*** Excerpted records Section Begins ***

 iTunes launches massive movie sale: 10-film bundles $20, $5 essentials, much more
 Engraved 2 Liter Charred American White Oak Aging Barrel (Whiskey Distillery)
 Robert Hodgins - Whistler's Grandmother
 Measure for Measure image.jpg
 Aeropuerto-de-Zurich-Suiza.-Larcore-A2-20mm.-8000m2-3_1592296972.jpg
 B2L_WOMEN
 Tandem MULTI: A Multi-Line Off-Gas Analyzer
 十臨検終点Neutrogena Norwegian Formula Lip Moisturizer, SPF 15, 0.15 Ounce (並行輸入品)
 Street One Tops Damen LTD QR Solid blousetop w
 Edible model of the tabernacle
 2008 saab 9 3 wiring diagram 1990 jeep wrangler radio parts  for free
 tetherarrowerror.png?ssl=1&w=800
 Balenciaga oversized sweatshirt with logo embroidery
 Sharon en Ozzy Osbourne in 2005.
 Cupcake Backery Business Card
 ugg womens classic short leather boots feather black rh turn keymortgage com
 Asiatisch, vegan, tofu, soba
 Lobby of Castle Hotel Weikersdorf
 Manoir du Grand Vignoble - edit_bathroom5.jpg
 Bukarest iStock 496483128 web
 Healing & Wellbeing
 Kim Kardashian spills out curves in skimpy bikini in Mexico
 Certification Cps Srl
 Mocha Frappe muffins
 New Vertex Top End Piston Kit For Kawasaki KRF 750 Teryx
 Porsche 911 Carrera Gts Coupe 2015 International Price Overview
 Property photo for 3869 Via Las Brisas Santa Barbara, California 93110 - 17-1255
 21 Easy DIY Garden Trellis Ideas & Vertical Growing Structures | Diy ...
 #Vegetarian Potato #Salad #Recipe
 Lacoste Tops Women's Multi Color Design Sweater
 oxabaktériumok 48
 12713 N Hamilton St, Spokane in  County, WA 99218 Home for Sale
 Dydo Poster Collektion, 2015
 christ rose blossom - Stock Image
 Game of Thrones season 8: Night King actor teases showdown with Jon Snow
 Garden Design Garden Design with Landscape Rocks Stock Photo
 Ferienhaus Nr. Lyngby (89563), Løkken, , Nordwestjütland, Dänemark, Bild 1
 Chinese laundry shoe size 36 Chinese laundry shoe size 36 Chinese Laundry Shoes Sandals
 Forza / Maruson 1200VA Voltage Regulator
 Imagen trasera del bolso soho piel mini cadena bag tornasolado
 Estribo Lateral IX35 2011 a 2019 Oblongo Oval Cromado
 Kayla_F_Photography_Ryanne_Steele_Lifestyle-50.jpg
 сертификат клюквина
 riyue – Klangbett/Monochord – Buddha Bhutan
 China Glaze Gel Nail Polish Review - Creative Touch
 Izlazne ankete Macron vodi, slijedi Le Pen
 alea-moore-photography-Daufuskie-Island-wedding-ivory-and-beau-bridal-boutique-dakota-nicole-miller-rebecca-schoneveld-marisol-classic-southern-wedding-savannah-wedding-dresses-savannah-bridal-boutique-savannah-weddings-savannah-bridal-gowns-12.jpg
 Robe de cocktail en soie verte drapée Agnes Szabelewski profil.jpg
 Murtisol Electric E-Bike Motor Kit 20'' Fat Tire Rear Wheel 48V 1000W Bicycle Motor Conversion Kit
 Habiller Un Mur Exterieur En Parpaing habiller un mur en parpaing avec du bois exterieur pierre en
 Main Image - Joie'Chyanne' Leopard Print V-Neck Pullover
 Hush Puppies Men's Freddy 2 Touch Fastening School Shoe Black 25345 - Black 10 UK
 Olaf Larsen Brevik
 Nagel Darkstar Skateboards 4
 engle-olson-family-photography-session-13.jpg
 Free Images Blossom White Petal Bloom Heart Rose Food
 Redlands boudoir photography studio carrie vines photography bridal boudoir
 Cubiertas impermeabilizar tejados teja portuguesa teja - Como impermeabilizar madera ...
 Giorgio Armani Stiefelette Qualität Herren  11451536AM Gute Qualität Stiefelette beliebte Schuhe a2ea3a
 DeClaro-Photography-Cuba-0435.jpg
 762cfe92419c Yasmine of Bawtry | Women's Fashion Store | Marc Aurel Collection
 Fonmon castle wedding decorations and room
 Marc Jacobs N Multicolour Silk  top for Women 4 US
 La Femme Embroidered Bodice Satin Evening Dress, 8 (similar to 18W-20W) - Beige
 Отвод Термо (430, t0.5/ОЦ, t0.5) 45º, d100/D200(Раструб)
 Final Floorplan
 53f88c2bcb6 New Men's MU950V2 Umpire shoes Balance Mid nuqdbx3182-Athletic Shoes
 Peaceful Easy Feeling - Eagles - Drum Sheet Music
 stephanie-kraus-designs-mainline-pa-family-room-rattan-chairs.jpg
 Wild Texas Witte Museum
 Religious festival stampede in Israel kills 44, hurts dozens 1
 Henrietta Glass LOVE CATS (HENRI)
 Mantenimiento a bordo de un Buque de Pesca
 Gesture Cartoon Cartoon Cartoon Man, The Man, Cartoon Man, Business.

*** Excerpted records Section Ends ***

Out of the records, collect only those lines that contain the string "Business".

Solution for this problem>
 Cupcake Backery Business Card
 Gesture Cartoon Cartoon Cartoon Man, The Man, Cartoon Man, Business.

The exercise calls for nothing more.